Biotin Sources and Functions

Biotin Sources and Functions

All of the B vitamins work together to keep you healthy and feeling good. Here is a summary of the role of biotin, a water-soluble vitamin, in your good health.

What it does Functions as part of a coenzyme to help release energy from the food you eat.
Daily needs [Infants*: 5-6 µg] [Children†: 8-25 µg] [Men: 30 µg]
[Women: 30 µg] [Pregnant: 30 µg] [Lactating: 35 µg]
Not enough Hair loss, Facial rash, Depression, Lethargy, Tingling, Hallucinations
Too Much No known toxic effects
Foods Whole or enriched grain products, Eggs, Fish, Liver, Soybeans

*The lower value is for infants up to 6 mos.,higher value is for infants up to a year old.
† The first value is for children 1-3 with the amount increasing until age 18.

Note that the recommendation for daily intake of biotin is given in micrograms (µg). A microgram is .0001 milligrams (mg), so it is a very small amount. This vitamin is still important even though it is considered a micronutrient--meaning you do not need very much of it to be healthy.

In general, people who live in developed countries like the United States get enough biotin, and therefore, biotin deficiency is rare.However, those suffering from eating disorders or living in poverty may not be eating enough food to get sufficient biotin in their diet.

Important for pregnant women

There is also research that suggests that some pregnant women may develop marginal biotin deficiency, because the developing fetus may require biotin for DNA replication.

The sources of biotin listed above are the best sources, but a wide variety of foods contain biotin.
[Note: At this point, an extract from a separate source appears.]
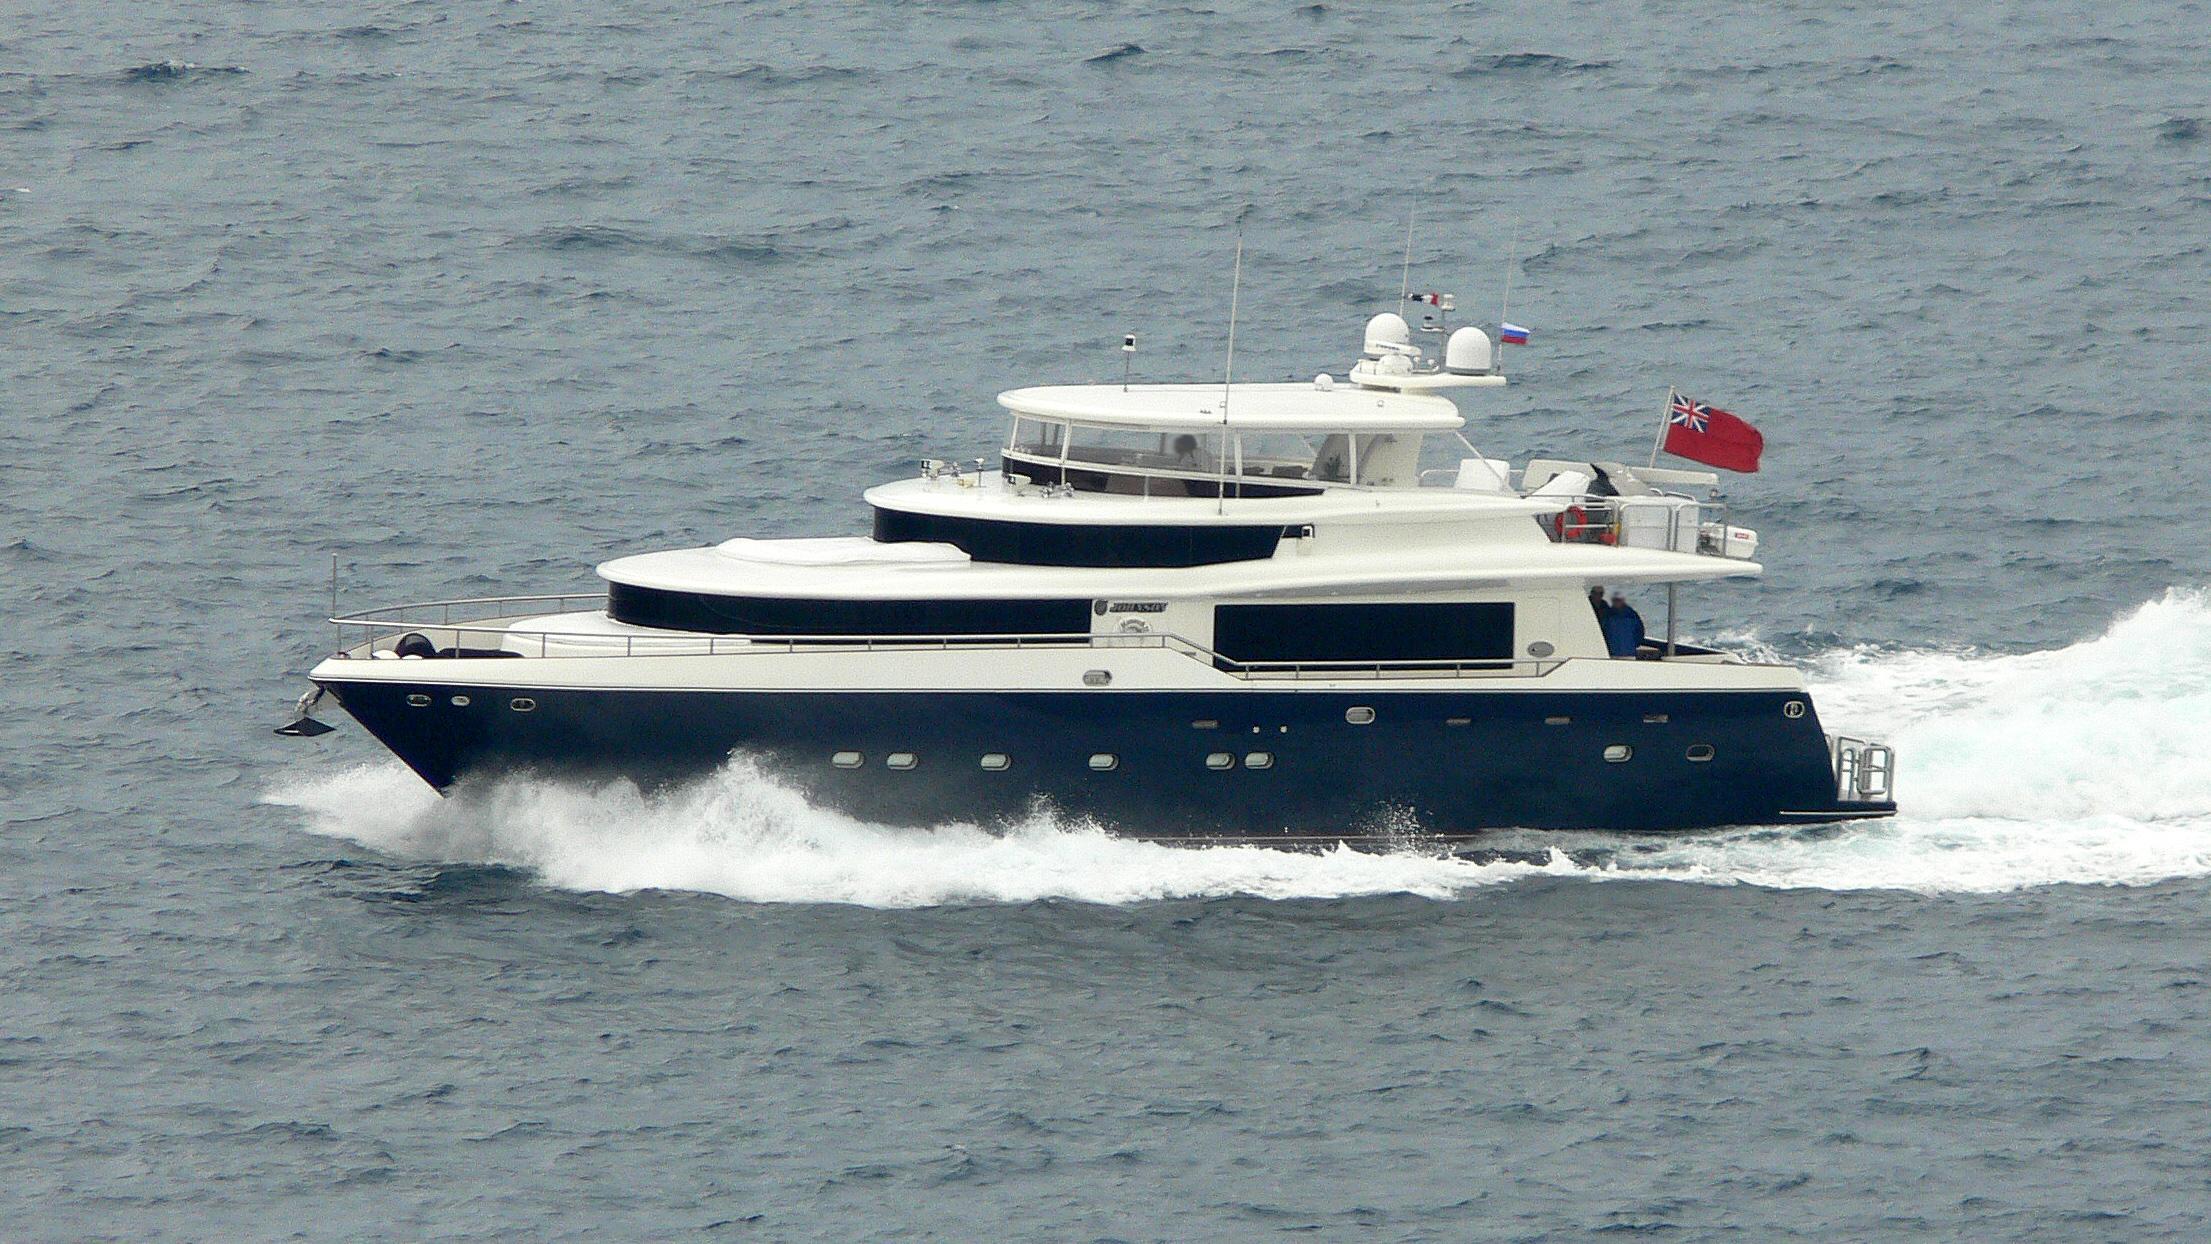 sapphire-motor-yacht-johnson-87-2003-27m-cruising
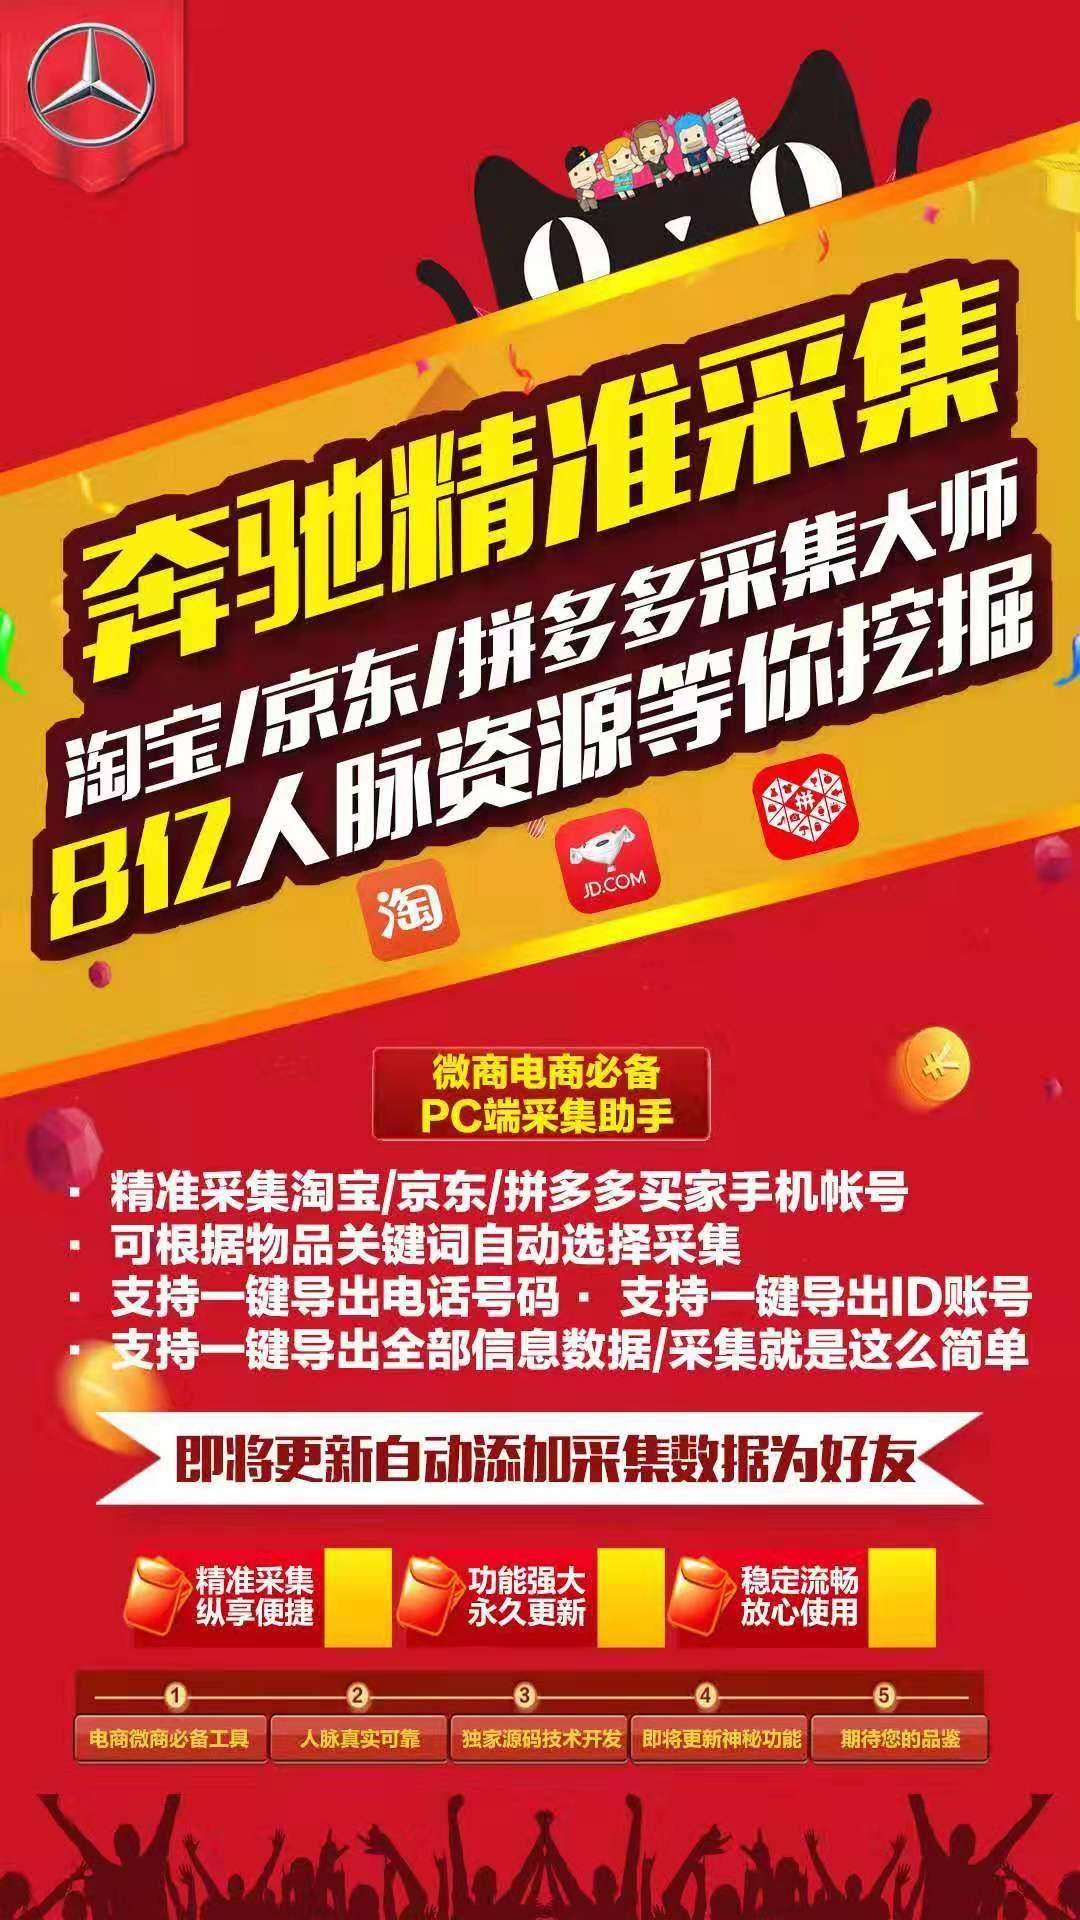 奔驰淘宝京东拼多多三网采集年卡【电脑】

If you eat a variety of foods from all of the food groups, you will more than likely get enough biotin. In addition, the bacteria in your digestive tract can produce some biotin, but it is not known if this is a significant source.


Interesting Fact about Biotin Sources and Functions: If you eat two dozen raw egg whites per day for several months, you may develop a biotin deficiency. Raw egg whites contain avidin, which is a protein that prevents the absorption of biotin. Cooking egg whites before eating them destroys this ability. I guess you will have to give up your raw egg white habit! I wonder how they came upon this discovery!